The NE1000 and NE2000 are members of an early line of low cost Ethernet network cards introduced by Novell in 1987. Their popularity had a significant impact on the pervasiveness of networks in computing. They are based on a reference design from National Semiconductor using their 8390 Ethernet chip.

== History ==
In the late 1980s, Novell was looking to shed its hardware server business and transform its flagship NetWare product into a PC-based server operating system that was agnostic and independent of the physical network implementation and topology (Novell even referred to NetWare as a NOS, or network operating system). To do this, Novell needed networking technology in general — and networking cards in particular — to become a commodity, so that the server operating system and protocols would become the differentiating technology.

Most of the key pieces of this strategy were already in place: Ethernet and Token Ring (among others) had been codified by the IEEE 802 standards committee — the draft was not formally adopted until 1990, but was already in widespread use, and cards from one vendor were, on the whole, wire-compatible with cards complying with the same 802 working group. However, networking hardware vendors in general, and industry leaders 3Com and IBM in particular, were charging high prices for their hardware.

To combat this, Novell decided to develop its own line of cards. In order to create these at minimal R&D, engineering and production costs, Novell based their board on the DP839EB, a reference design created by National Semiconductor using the 8390 Ethernet chip. Compared to the reference design's direct memory access, Novell used Programmed I/O, which limited performance. Novell's design also didn't map the card's internal buffer RAM into the host's address space.

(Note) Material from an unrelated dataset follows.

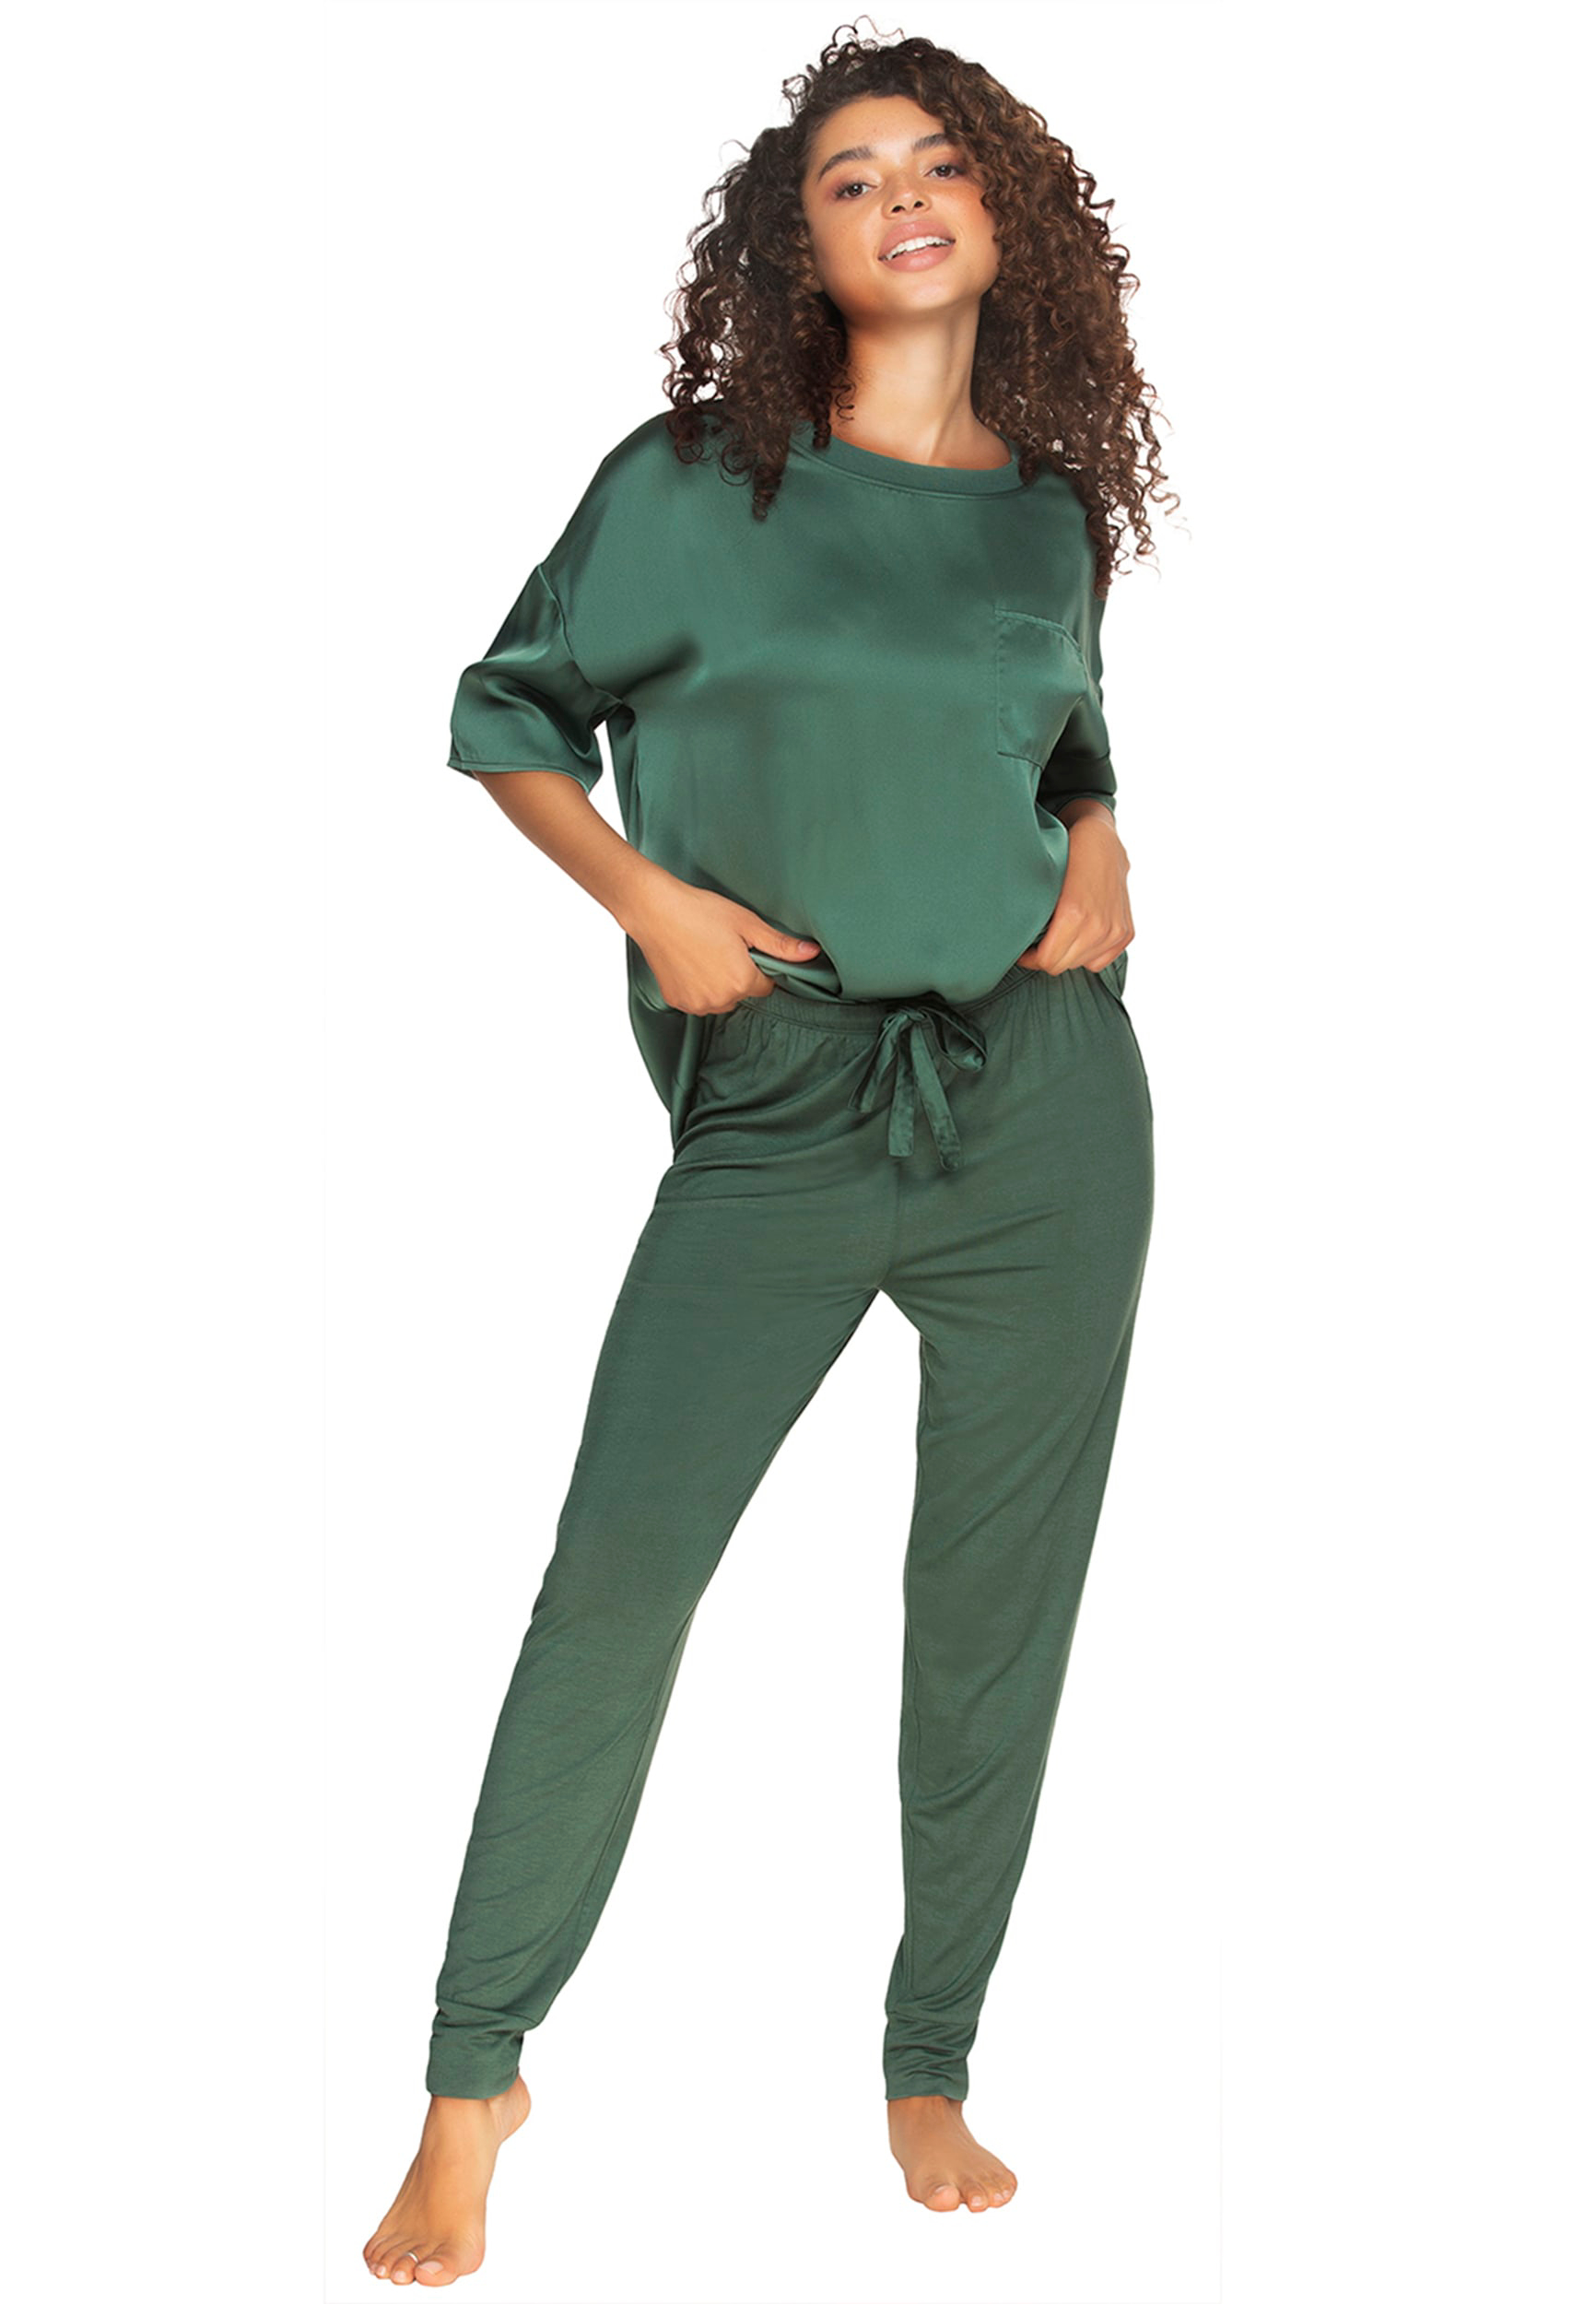 zuwimk Pajamas For Women Set,Women's Plus Size Nylon Tricot Short Sleeve Matching  Pajama Set Mint Green,S

The original card, the NE1000 (8-bit ISA; announced as "E-Net adapter" in February 1987 for 495 USD) The "NE" prefix stood for "Novell Ethernet".

=== NE2000 ===
The NE2000, using the 16-bit ISA bus of the PC AT followed in 1988. It uses thin Ethernet; the second ("B") revision added an Attachment Unit Interface (AUI) port to support a transceiver, and later models NE1000T and NE2000T added built-in 10BASE-T support.

With the launch of the NE1000 and NE2000, Novell took two significant steps.

The first was a program under which other vendors were invited to manufacture the cards with no royalty as "NE1000-compatible" cards. Vendors were required to submit their cards to Novell for certification, which focused on whether the standard Novell driver worked with the card. Interested manufacturers were given a complete package of manufacturing documentation to allow them to start building NE1000/2000 compatible cards without having to do any design work. The primary intent of this program was to drive down the cost of network hardware to promote the adoption of PC networking.

The second innovation taken, primarily to deal with internal management issues, was to allow Novell's distributors to buy the cards directly from its manufacturer, Eagle, a contract manufacturing subsidiary of Anthem Technologies, the industrial distributor that provided the components for the NE1000/2000. Novell received a royalty on each card, but was no longer involved in scheduling and ordering manufacturing.

In order to remain competitive with Novell's bargain-price cards, 3Com and other vendors were forced to cut the pricing of their entry-level network cards, contributing greatly to the networking boom of the 1990s. To a lesser extent, it is arguable that the success of the NE1000/2000 cards helped to tip the scales of the "LAN wars" in favor of Ethernet (championed by 3Com) over Token Ring (championed by IBM), though its main impact was to significantly lower the cost of PC networks.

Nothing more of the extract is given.